• **TASK REQUIREMENTS**: Line by line, please look for the word "beautiful" in the following records, then copy each line you find it in.

• **SOURCE INFORMATION**:
* * * *
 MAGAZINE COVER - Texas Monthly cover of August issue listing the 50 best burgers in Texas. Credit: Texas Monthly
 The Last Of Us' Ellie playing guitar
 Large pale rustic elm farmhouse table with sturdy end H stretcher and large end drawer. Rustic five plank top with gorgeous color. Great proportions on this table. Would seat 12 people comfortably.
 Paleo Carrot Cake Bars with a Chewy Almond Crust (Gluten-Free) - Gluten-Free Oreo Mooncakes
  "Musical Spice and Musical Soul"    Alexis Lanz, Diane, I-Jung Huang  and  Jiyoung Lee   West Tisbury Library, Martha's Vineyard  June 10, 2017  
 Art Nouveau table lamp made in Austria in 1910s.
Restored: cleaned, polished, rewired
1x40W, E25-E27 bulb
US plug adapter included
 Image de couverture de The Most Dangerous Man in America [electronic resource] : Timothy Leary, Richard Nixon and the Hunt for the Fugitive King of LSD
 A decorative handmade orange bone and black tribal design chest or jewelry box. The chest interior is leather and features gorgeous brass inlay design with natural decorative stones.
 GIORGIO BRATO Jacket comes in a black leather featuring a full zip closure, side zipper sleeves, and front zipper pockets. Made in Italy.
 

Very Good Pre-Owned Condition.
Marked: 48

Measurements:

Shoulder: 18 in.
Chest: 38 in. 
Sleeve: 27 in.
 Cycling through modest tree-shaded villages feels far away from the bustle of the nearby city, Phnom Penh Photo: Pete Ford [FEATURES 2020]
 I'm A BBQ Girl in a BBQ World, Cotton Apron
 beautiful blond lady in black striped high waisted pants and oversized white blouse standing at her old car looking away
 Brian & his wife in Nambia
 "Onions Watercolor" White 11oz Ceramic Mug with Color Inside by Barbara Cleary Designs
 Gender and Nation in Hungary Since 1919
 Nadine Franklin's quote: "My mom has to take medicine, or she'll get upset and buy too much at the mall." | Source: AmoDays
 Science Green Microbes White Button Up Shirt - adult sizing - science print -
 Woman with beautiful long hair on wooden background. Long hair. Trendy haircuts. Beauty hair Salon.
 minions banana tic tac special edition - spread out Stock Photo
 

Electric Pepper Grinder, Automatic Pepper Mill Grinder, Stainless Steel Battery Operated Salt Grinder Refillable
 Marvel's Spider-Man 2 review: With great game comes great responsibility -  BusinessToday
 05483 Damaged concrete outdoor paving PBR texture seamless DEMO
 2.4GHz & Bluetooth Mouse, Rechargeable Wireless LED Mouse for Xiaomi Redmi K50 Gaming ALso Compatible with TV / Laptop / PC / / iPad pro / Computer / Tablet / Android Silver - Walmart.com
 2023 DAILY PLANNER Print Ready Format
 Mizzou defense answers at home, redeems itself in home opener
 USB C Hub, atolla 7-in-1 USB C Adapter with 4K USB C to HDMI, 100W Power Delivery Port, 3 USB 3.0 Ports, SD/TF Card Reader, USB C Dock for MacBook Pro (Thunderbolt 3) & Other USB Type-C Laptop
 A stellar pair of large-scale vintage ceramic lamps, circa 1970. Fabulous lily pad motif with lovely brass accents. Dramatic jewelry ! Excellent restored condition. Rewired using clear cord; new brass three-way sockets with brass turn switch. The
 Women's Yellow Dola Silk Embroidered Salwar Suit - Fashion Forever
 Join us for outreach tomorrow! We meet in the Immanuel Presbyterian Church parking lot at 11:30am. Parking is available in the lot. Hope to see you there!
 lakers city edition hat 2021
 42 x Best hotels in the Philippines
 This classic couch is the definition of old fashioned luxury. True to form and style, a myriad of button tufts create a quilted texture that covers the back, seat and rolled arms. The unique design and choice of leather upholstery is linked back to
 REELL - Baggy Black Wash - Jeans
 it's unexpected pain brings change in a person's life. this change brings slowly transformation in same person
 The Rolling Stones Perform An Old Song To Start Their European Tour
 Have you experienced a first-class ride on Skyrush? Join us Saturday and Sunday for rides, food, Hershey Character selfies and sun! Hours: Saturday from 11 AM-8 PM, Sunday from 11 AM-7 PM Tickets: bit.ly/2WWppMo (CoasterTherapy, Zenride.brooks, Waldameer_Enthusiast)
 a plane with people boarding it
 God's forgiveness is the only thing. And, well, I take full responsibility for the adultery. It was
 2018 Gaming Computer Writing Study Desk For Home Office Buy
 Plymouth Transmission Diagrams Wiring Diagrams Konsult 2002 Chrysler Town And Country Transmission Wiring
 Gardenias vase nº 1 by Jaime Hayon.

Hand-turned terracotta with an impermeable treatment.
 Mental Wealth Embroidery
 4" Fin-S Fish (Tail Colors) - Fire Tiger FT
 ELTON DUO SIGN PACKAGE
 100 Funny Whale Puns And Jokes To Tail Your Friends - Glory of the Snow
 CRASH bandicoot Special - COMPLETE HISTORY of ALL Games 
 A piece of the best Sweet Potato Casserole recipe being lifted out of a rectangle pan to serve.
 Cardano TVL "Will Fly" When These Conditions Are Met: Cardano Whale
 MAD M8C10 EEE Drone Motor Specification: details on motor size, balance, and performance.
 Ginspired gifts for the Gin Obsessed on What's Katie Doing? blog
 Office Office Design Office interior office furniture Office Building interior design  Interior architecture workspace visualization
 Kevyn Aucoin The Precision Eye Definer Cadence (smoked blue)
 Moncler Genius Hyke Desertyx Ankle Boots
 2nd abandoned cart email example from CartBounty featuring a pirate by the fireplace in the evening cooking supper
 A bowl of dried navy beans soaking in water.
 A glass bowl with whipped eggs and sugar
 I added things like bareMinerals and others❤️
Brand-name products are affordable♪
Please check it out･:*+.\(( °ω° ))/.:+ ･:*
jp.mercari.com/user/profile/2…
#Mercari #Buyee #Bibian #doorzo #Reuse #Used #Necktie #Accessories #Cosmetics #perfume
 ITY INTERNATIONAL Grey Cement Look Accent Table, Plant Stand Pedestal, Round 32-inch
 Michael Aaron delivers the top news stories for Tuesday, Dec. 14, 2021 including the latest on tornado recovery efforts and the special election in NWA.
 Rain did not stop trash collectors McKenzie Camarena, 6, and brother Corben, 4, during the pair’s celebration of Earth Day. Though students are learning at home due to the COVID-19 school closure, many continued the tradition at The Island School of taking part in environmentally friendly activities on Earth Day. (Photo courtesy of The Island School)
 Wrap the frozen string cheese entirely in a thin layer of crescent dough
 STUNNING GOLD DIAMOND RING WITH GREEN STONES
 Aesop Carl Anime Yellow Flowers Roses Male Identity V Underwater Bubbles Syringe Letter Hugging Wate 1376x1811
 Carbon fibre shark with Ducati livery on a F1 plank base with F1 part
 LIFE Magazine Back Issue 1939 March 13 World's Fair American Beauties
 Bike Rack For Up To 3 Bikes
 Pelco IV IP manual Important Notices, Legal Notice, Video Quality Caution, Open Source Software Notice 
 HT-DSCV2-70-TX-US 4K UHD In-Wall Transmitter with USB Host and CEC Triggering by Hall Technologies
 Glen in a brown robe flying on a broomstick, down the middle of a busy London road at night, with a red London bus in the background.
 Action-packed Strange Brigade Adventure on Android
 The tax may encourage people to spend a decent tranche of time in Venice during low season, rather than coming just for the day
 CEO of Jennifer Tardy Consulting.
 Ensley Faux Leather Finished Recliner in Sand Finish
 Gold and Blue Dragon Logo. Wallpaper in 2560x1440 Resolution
* * * *
• **EXPECTED ANSWER**:
 beautiful blond lady in black striped high waisted pants and oversized white blouse standing at her old car looking away
 Woman with beautiful long hair on wooden background. Long hair. Trendy haircuts. Beauty hair Salon.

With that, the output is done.